My children walk away from me down our narrow road into the green-gold haze, toward the ice cream promised from the market around the corner. The sky overhead is white, silver and dark gray along the margins, a thunderstorm looming. The air is absolutely still, like the afternoon is holding its breath. A neighbor mows his lawn; I smell cut grass and ozone. Suddenly the sun peeks through and for a moment everything dazzles. My twelve-year-old daughter takes her six-year-old sister´s hand and they begin to skip. I stare after them. They are far enough away I can no longer hear their laughing, their sandals skittering along the twigs on the pavement. I realize I am standing alone in the middle of the street, hand resting on my chest. All of it – the afternoon, the storm, the children – is so beautiful my heart aches. I have forgotten to breathe.
I read an essay in the New York Times this morning, Modern Love, written by a woman who was coping with her husband´s midlife crisis in an atypical way. Having resolved that she was responsible for her own happiness, and the happiness of her children, and nothing else, she waited her husband out. She waited for him to come around, and surprisingly enough, over the course of the summer, he did. I admired her resolve. I thought her approach was both brilliant and possibly unmasterable. I admired the way she staked off her territory – what she owned, and the vast tracts that were somebody else´s responsibility. I pray for that kind of clarity on a daily basis.
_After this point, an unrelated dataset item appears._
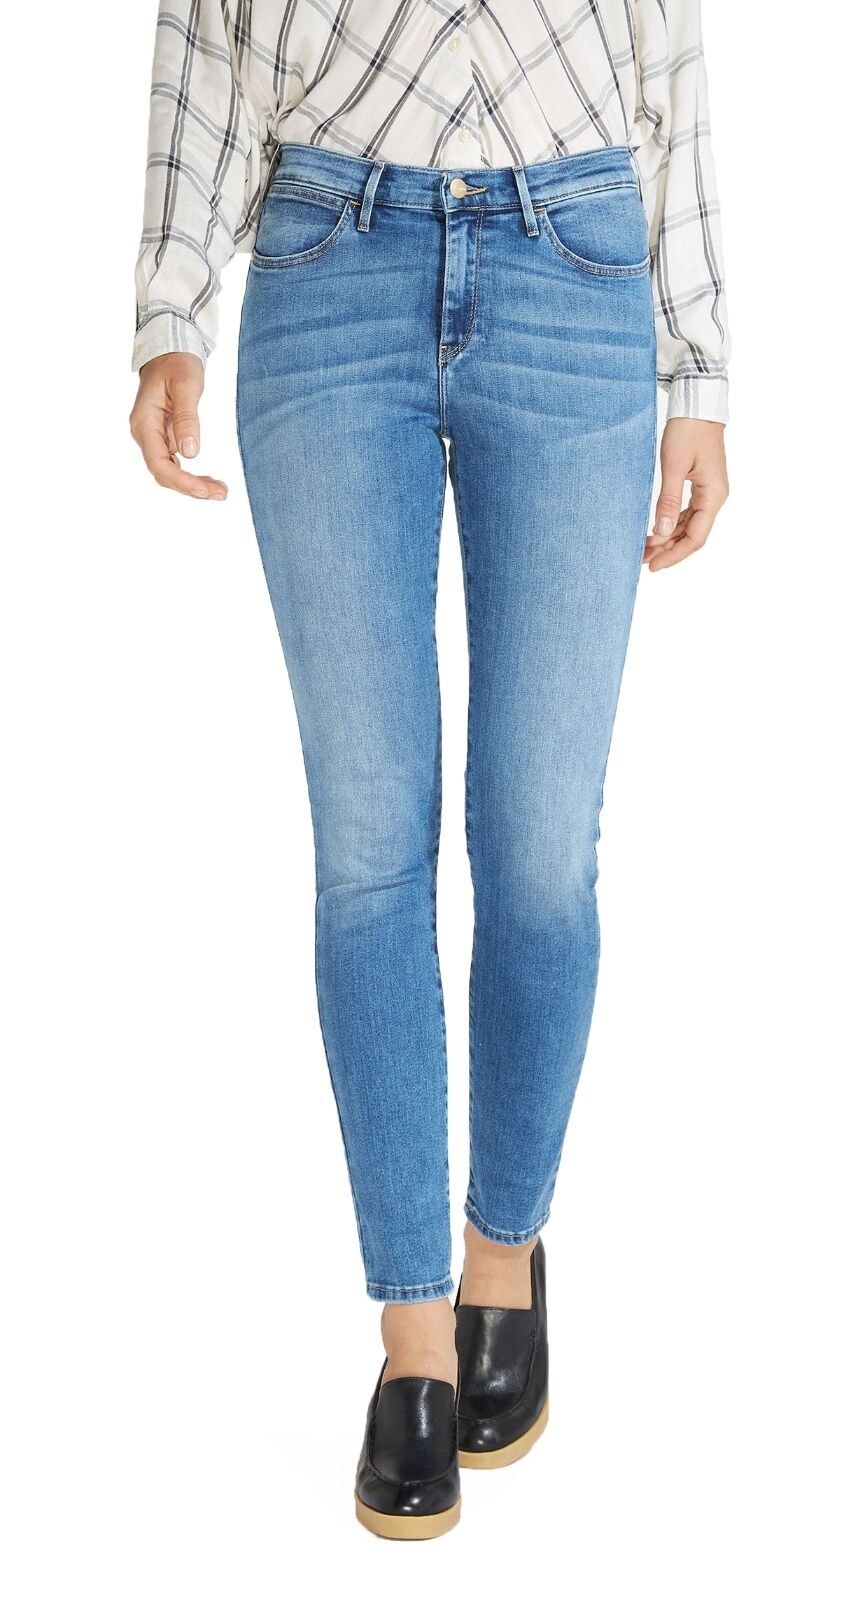 Wrangler High Rise Skinny Flex Stretch Jeans damen Ladies Light Best Blau Denim

How much of our burden belongs to us? What if we refuse to pick up anything other than the bits that are immutably ours? I peel a mango and slice it thin on a white bone china plate. Mango and warm sticky rice, sitting on the porch, watching the storm clouds dance high above my head. The cicadas are finally here.
It never hurts in any situation to remain calm, and think things through a bit before making any kind of life changing decision. I admire her ability not to freak out when he told her he didn’t love her any more. And she did put a time line on it, so it’s not like she was going to be strung along the rest of her life, waiting for him to snap out of it.
Love the comment about the stable boy, though!
Huh. I finally just got around to reading the Modern Love column. I can def see why so many of you are ragging on the writer but the idea isn’t so far-fetched. Divorce is great, when it really is necessary but sometimes….sometimes….stuff needs to be Not About You. And I totally get where she came up with that and why she was willing to wait this out, to see if it really was About Her.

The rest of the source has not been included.